Promoting the New Site
A few weeks prior to our May 5 launch date, we planned several promotions to announce that something was coming. When you create a Web site, you typically want to promote it; who will visit your site if they don't know it's there? So why should it be any different just because our audience was internal?
Since we were dealing with the stigma of our current intranet's look and feel, we needed to make sure that users knew that they would be seeing something new and different. Working closely with a business partner in marketing, we adopted a campaign that's often used with the introductions of new automobiles. You've probably seen these adsthey display the car covered with a tarp, so you can't see the new body style until they're ready to show it to you. Well, we didn't put a tarp over Midcom. Instead, we created old west style "Wanted" posters that showed Midcom wearing those funny disguise glasses with the nose and moustache attached. Our posters greeted users as they entered the building one morning. We wanted to get them wondering about this Midcom Guy and what was coming soon.
Since May 5 was on a Friday, we decided to officially launch Midcom on Monday the 8th. On Sunday, two other team members and I came into the office and created five life-size Midcom Guys, drawn on foamcore boards using black markers, with added text from an inkjet printer. They all depicted Midcom in various poses with different props or clothing items. We stationed the Midcom Guys at various locations, including the entrances to our building and the door to the cafeteria.

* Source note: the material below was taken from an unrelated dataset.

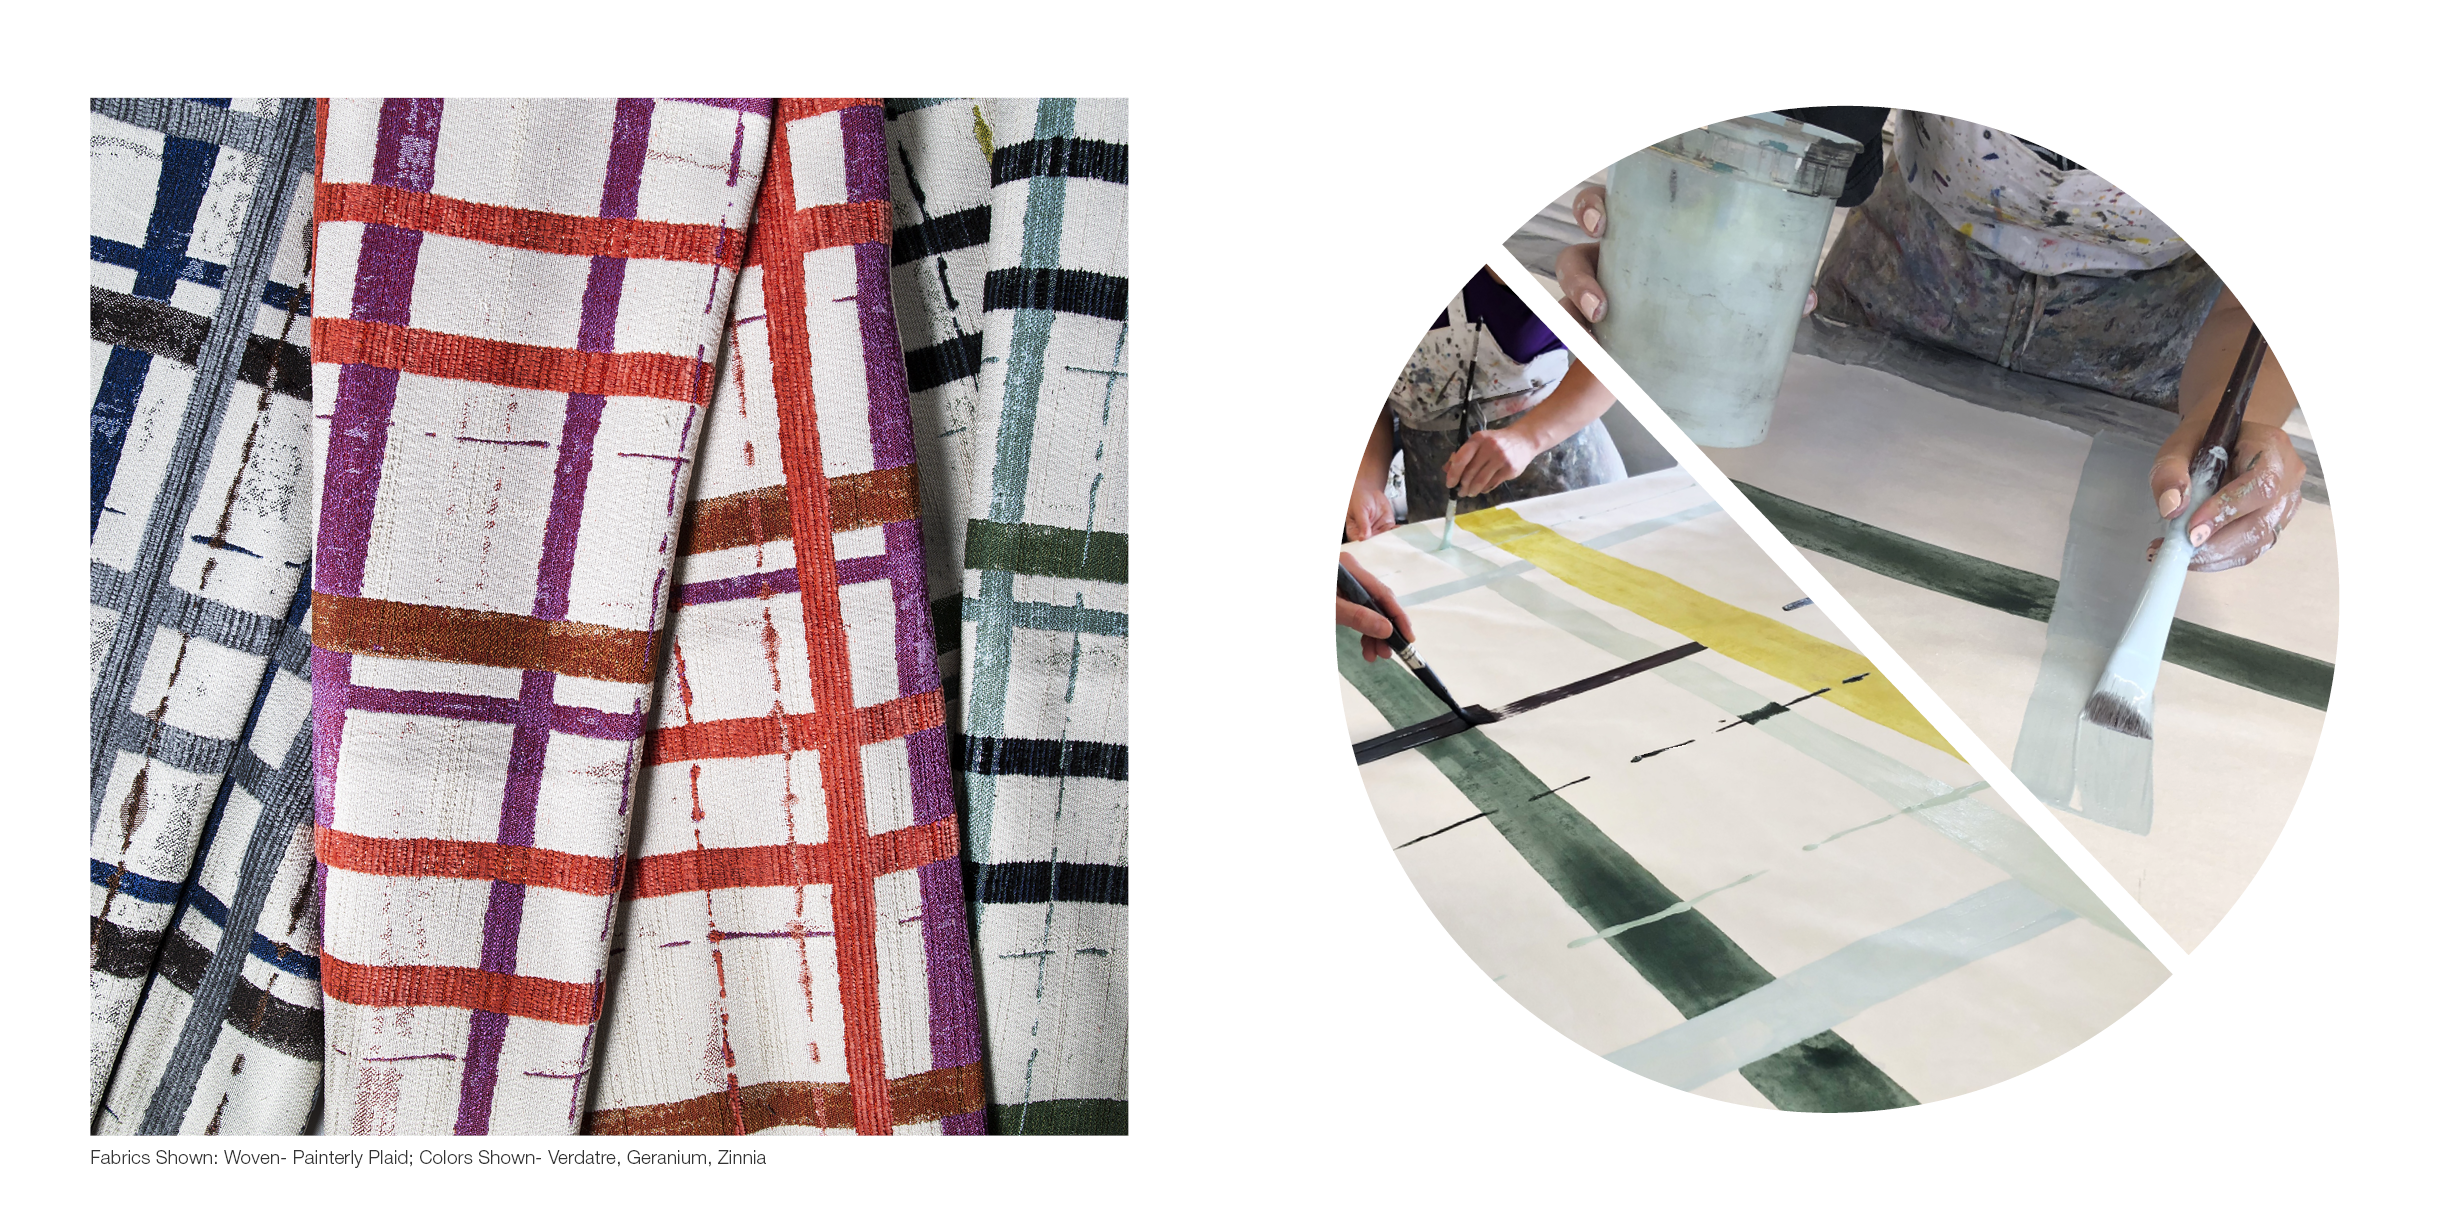 Fabrics Shown: Woven - Painterly Plaid. Colors Shown: Verdatre, Geranium, Zinnia.
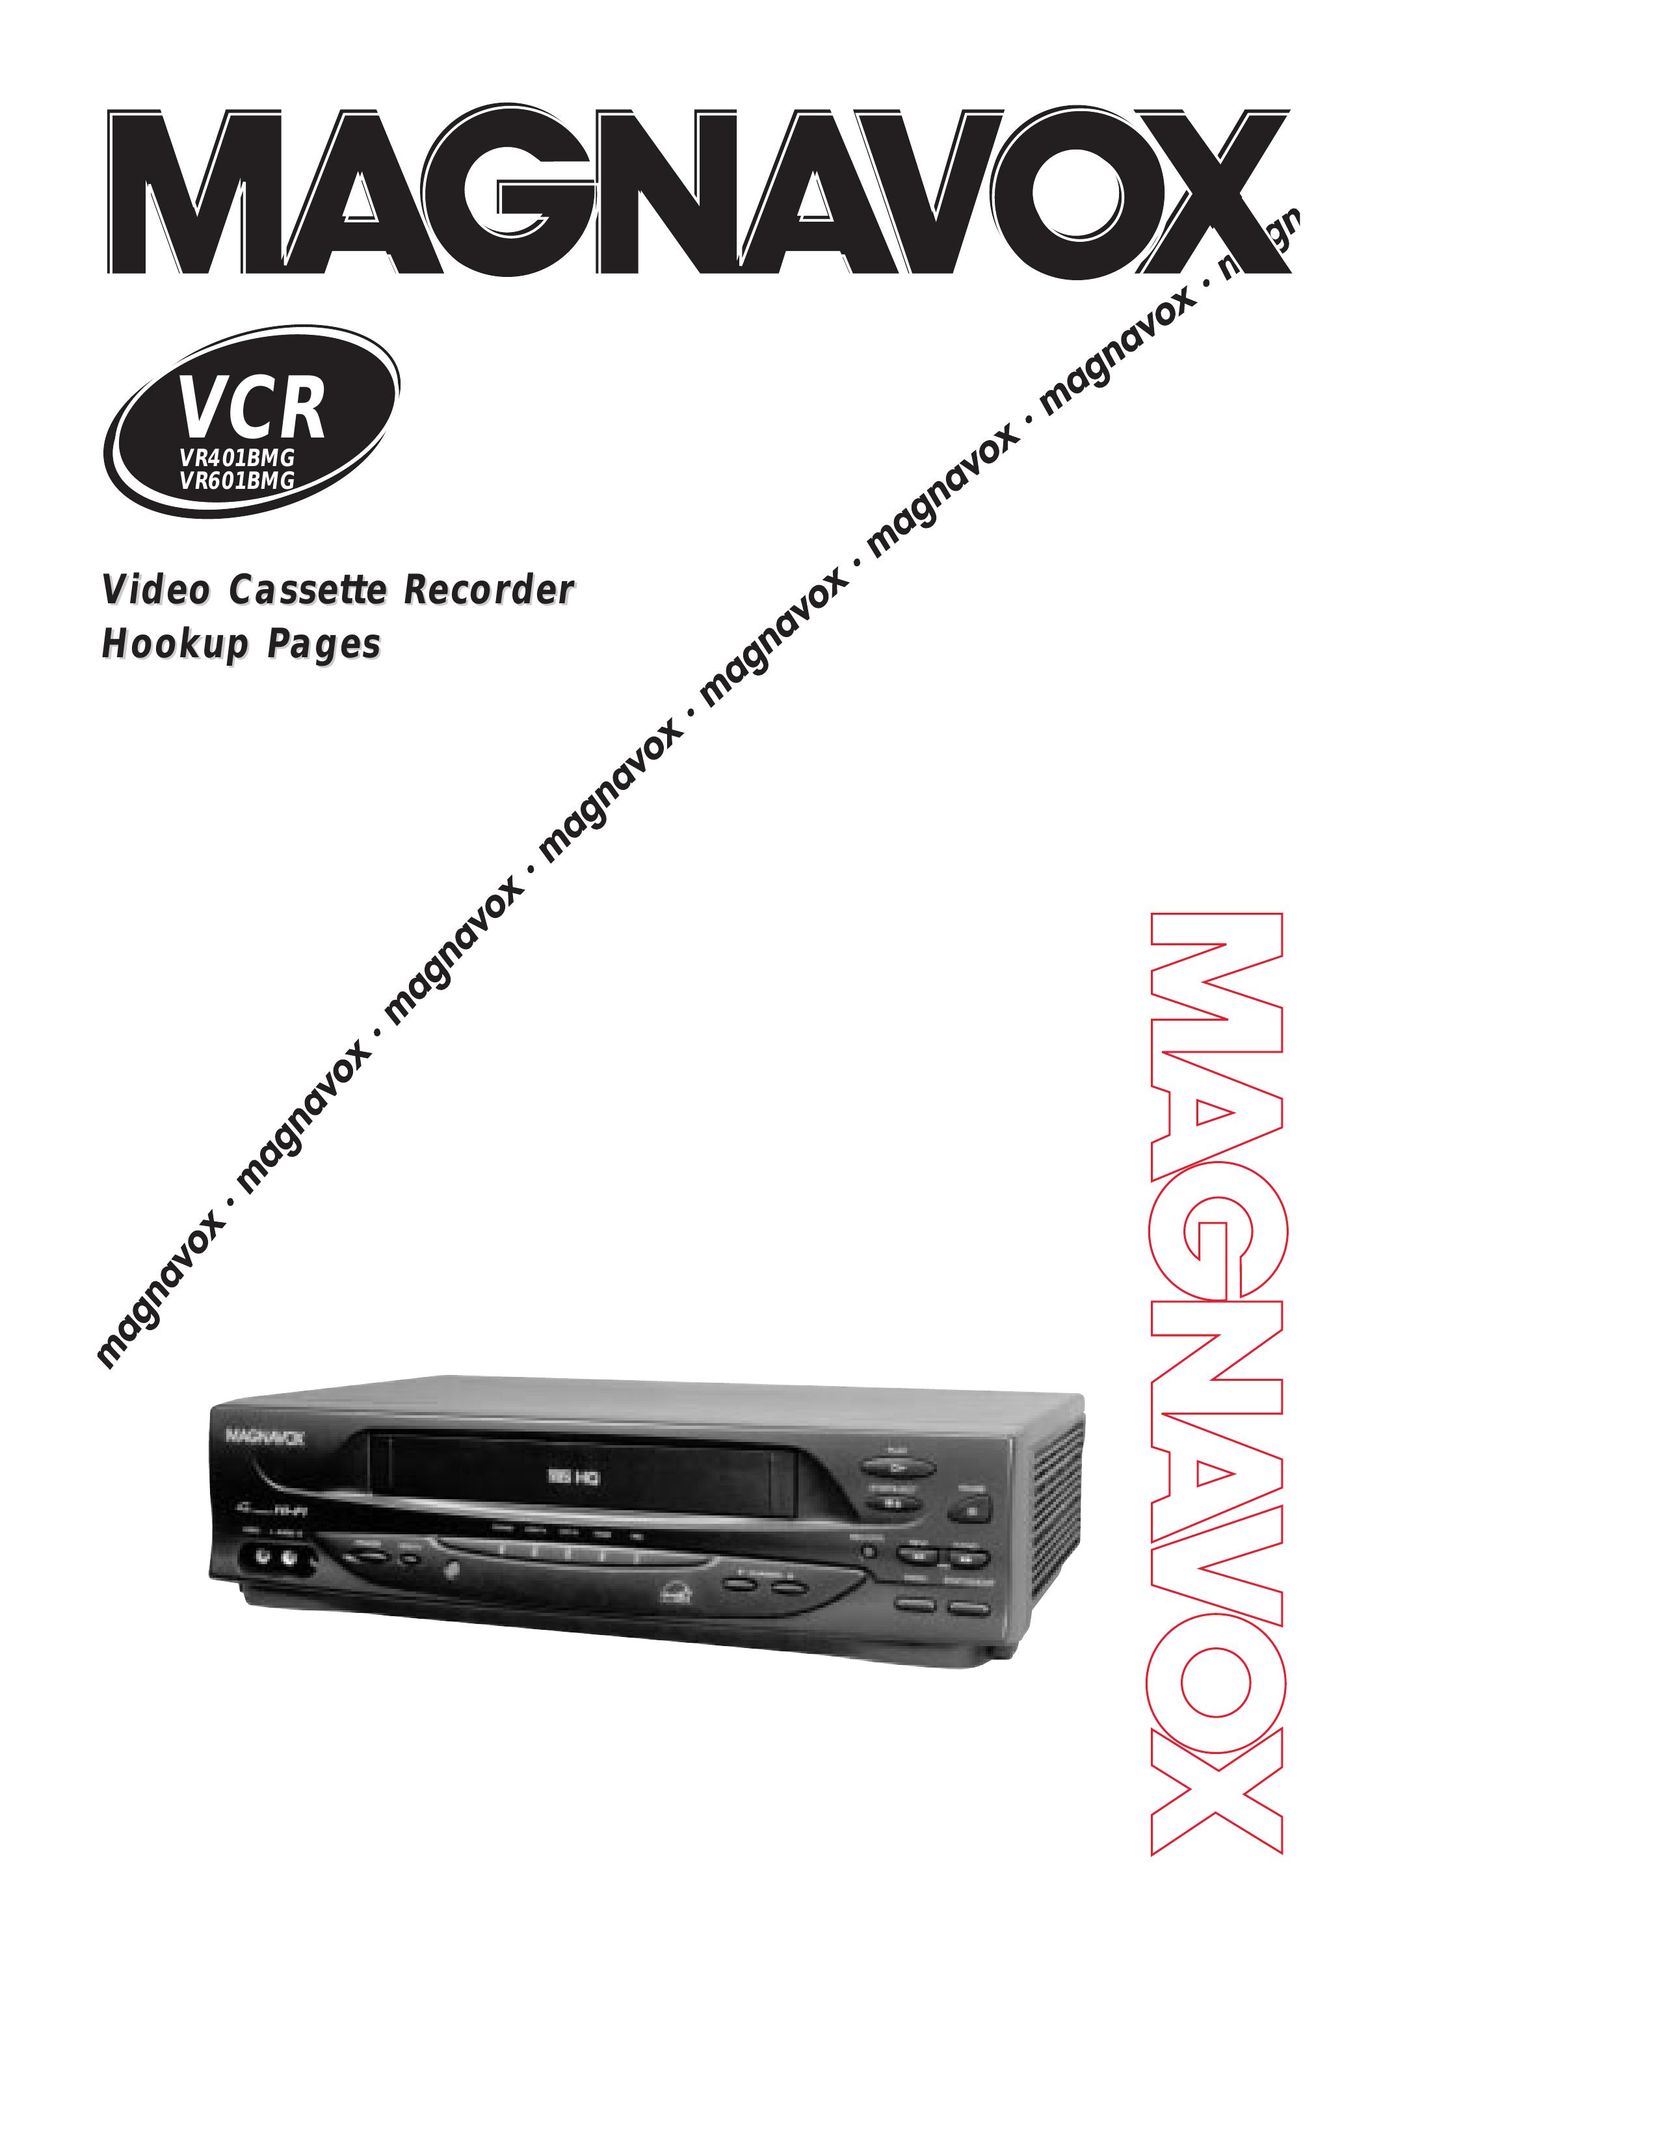 Magnavox VCRVR401BMG VCR User Manual

Additionally, we had notepads printed featuring eight different Midcom Guys with applicable quotes. For example, one of the designs included the Midcom Guy holding an apple (for our Learning and Development department). The caption read, "Broaden your horizons, learn something new today." Each notepad contained a random sampling of the Midcom Guys.
While I was busy drawing Midcom Guys on foamcore, two other team members delivered a letter introducing Midcom with one of the notepads to the desk of each associate in the home office (about 1,000 people), so that they would find it first thing Monday morning.
Midcom was a great success!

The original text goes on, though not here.